"Daly’s file, now public record, provides an unprecedented look into his professional and personal life, and the Tour’s efforts to get him help."

Garry Smits gets ahold of John Daly's PGA Tour file on the eve of Daly's positively horrific-sounding reality show. The file became public record after Daly sued Morris Publishing in 2005, and it "became part of the court file after Daly dropped his appeal last fall of a summary judgment issued in favor of Morris on March 23, 2009, and after Daly was ordered to pay Morris’ attorney fees."

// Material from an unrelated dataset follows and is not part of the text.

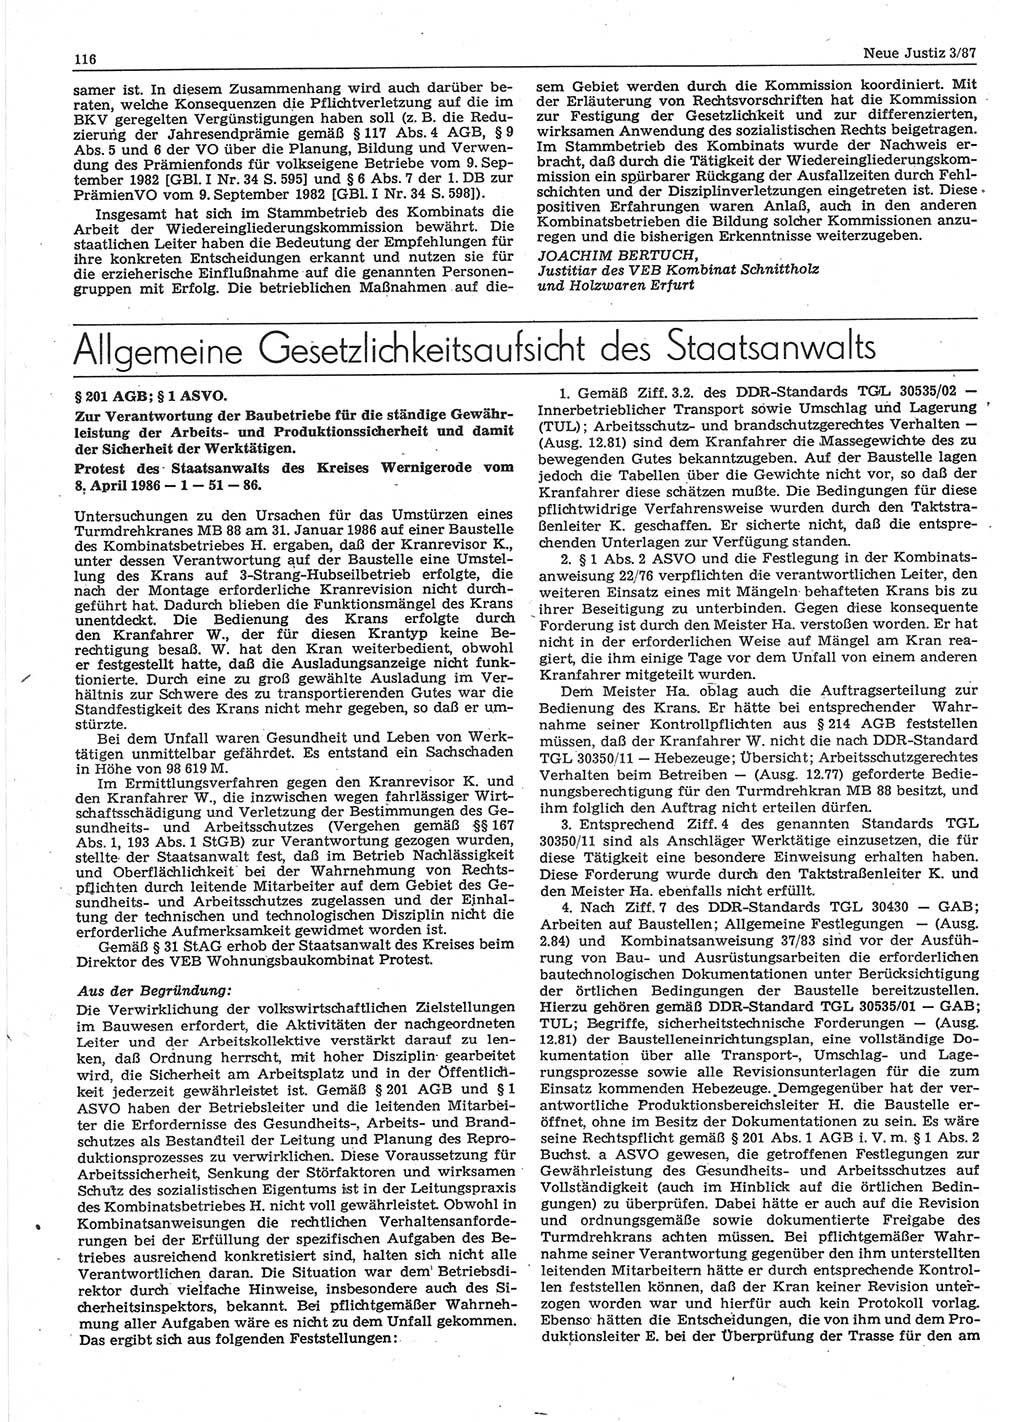 Neue Justiz (NJ), Zeitschrift für sozialistisches Recht und Gesetzlichkeit [Deutsche Demokratische Republik (DDR)], 41. Jahrgang 1987, Seite 116 (NJ DDR 1987, S. 116)

The PGA Tour ordered John Daly to undergo counseling or enter alcohol rehabilitation centers seven times, once disciplined him for hitting golf shots off the top of a beer can during a pro-am and cited him 21 times for “failure to give best efforts,” during Tour events.

Daly has also been accused of nearly hitting an Alcohol, Tobacco and Firearms agent after failing to stop his car at a security checkpoint at the 2005 U.S. Open in Pinehurst, N.C., and of launching golf balls over the heads of spectators who were sitting in the bleachers during a 1993 golf clinic, according to the PGA Tour’s confidential personnel file on Daly.

Now this is just funny...

Eventually, his personnel file at the PGA Tour swelled to 456 pages, with incidents covering 18 years, through the fall of 2008. Daly was fined nearly $100,000 during that span, suspended from the Tour five times, placed on probation six times, cited 11 times for “conduct unbecoming a professional” and 21 times for “failure to give best efforts.”